At the beginning of the movie, Yana (Aliza Rozen) pleads with some of her lifelong pals to help put her beloved husband Max (Shmuel Wolf) out of his constant pain. Yehezkel being a tinkerer and a man of compassion (he phones extremely sick residents pretending to be a sonorous God to coax them into keeping up the good fight), he becomes her only hope. They find supplies to build a machine that works by time-release and the opiates necessary to realize the task without leaving traces of foul play.
For this first application, Max testifies and grants authorization on video; after tools and meds change hands, he pushes the control button. Everyone else in attendance is absolved.
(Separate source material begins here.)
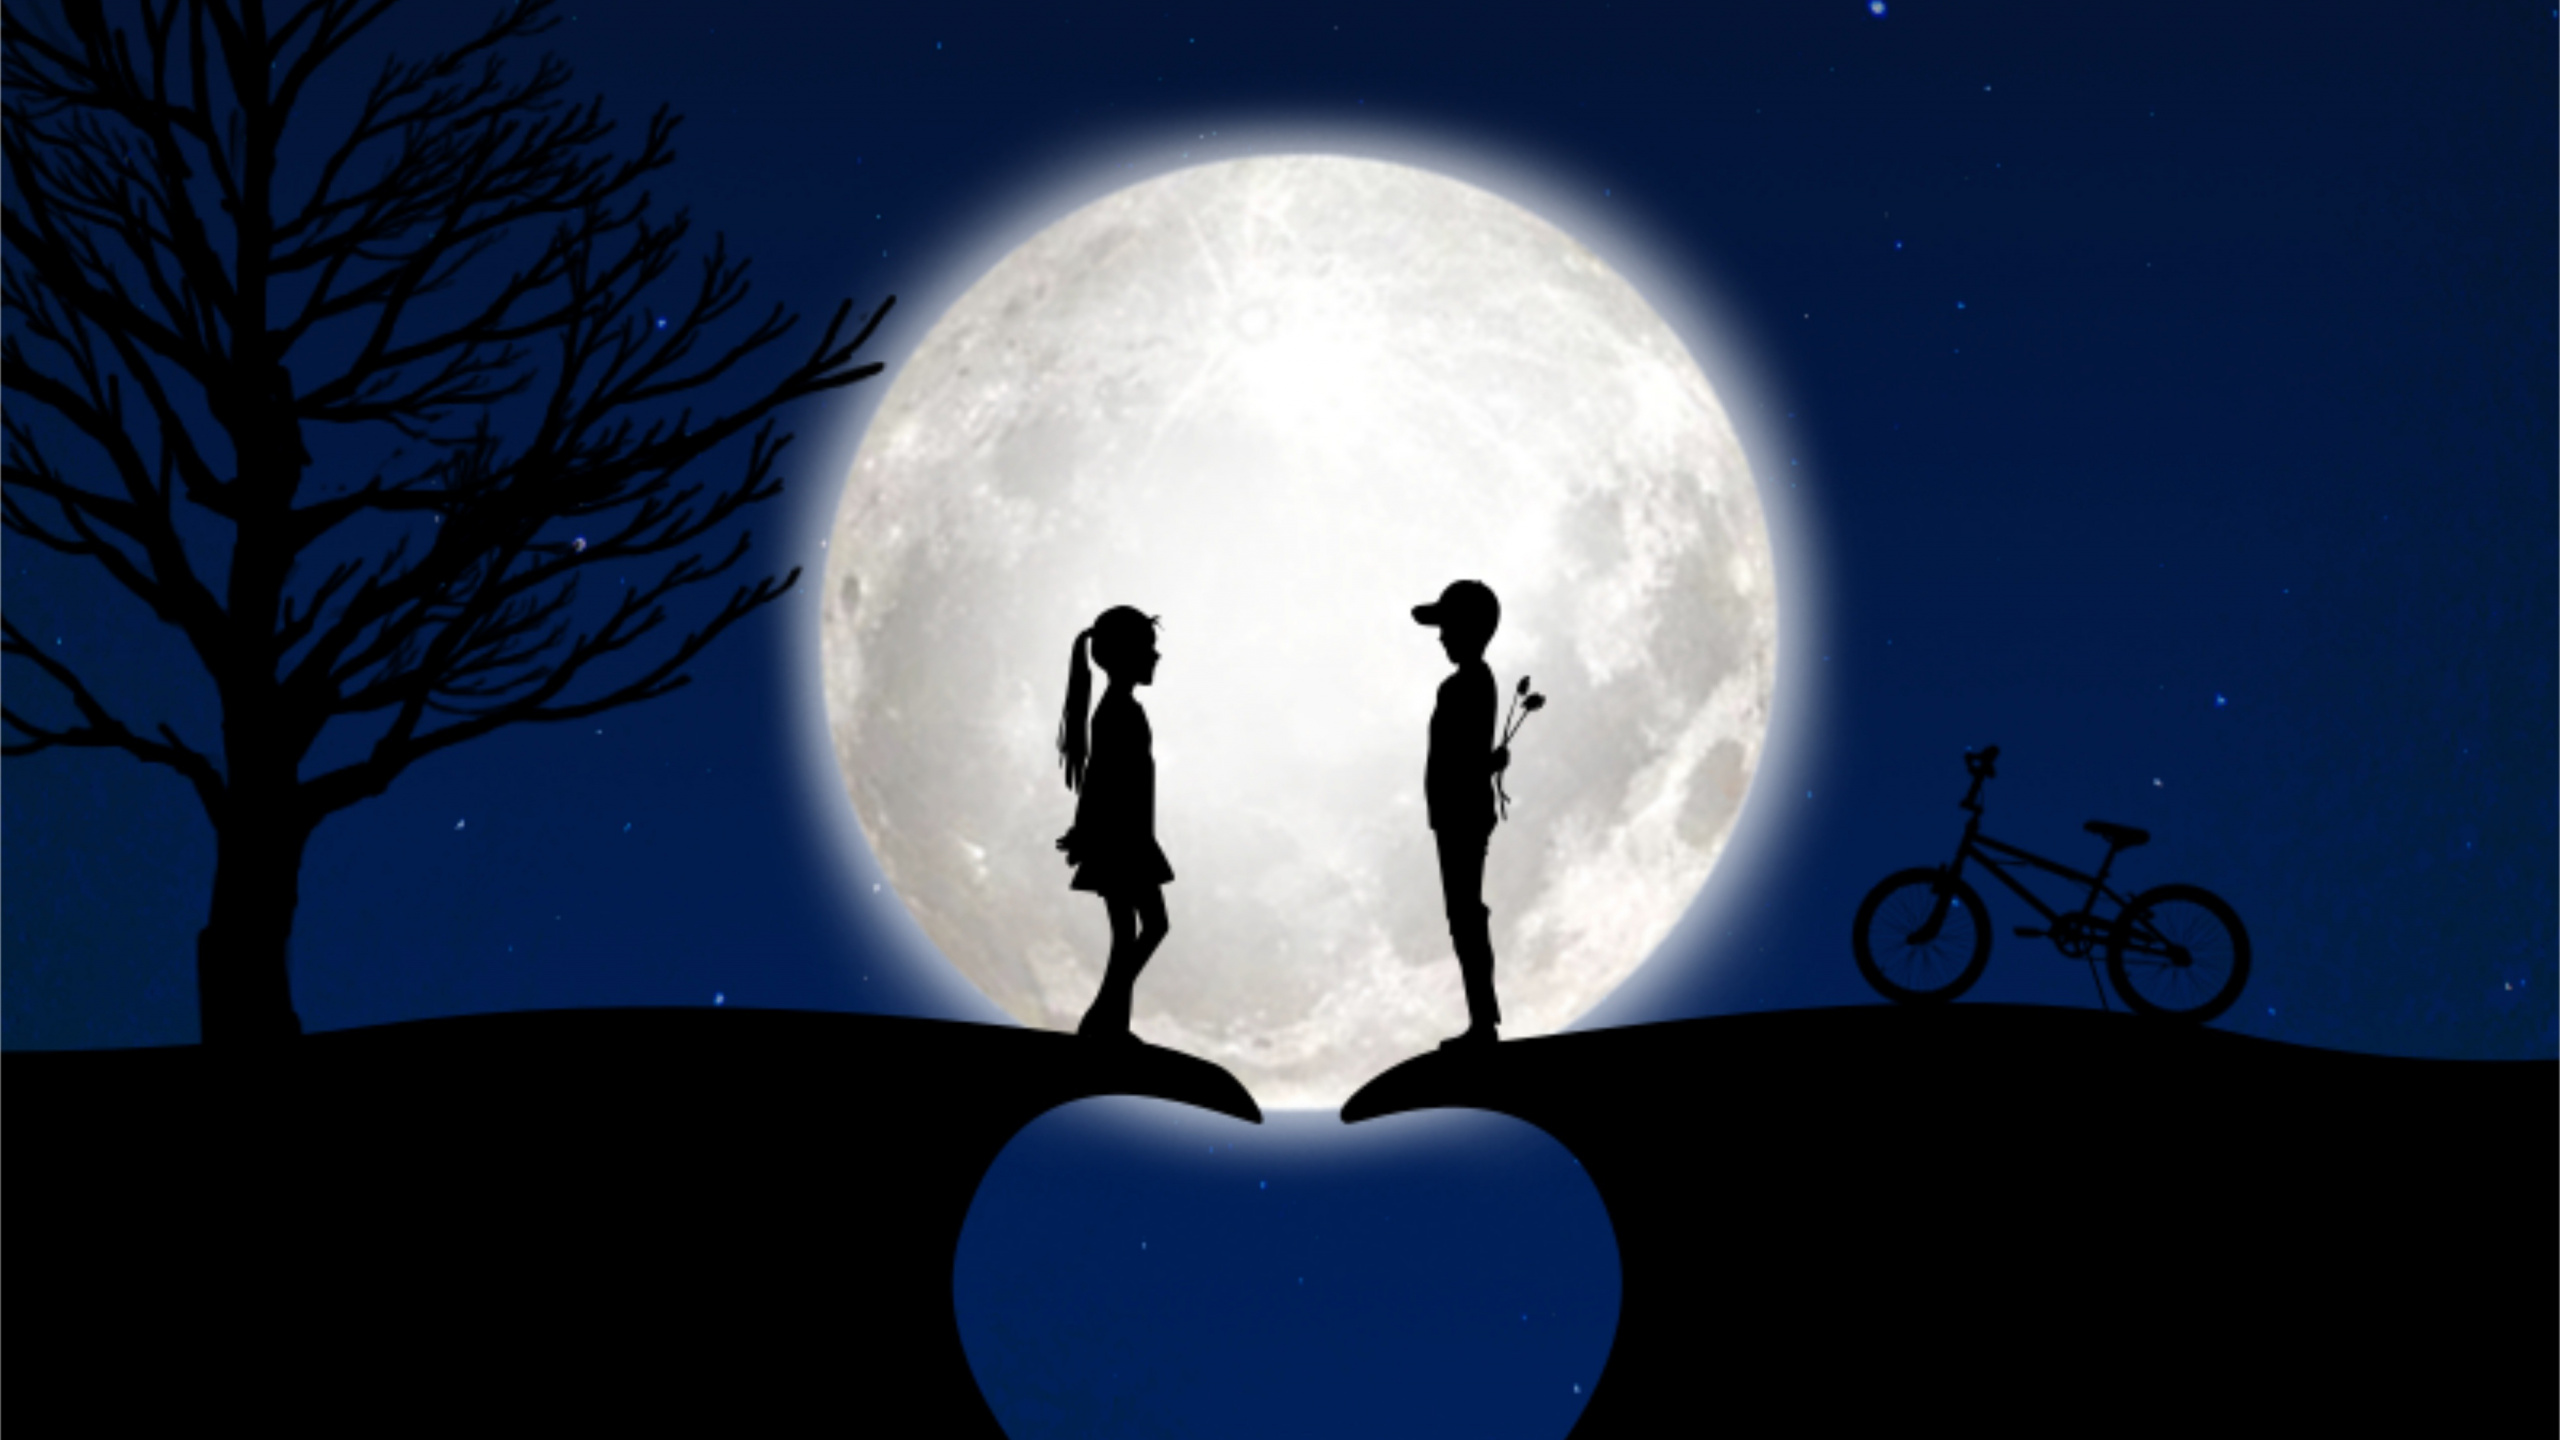 Mond, Licht, Mondlicht, Atmosphäre, Nacht. Wallpaper in 2560x1440 Resolution

As more cases arise, two more join the underground group: the new doctor, Daniel (Ilan Dar), who has just moved in; and his friend Raffi Segal (Rafael Tabor), a married former police detective. (Many of the actors, even in the more serious roles, are best known domestically as comedians — the result of a conscious effort to add a light touch to profound, dark social material.)
A major problem for the crowd is Levana (Levana Finkelshtein), Yehezkel’s lovely wife, who is vehemently against assisted suicide. Unfortunately for her, she is in the early stages of Alzheimer’s, in that uncomfortable space comparable to Julianne Moore’s early on in Still Alice when she recognizes her situation intellectually but nevertheless falls prey to its damage. A large chunk of plotline skillfully charts her vacillating position.
Maymon and Granit balance comedy with an appropriate degree of serious emotion. Every day at this juncture of life is critical: Sickness may strike you or someone you love with little or no warning. So many losses take their toll. The movie’s stand is that there are ways to help get through it all. After the uptight building manager chews out the clique for sitting naked on a patio at night, drinking and smoking dope, the slowly diminishing but still wise Levana walks over and whispers conspiratorially in her ear, “Inside they’re like kids. Only their bodies have aged.”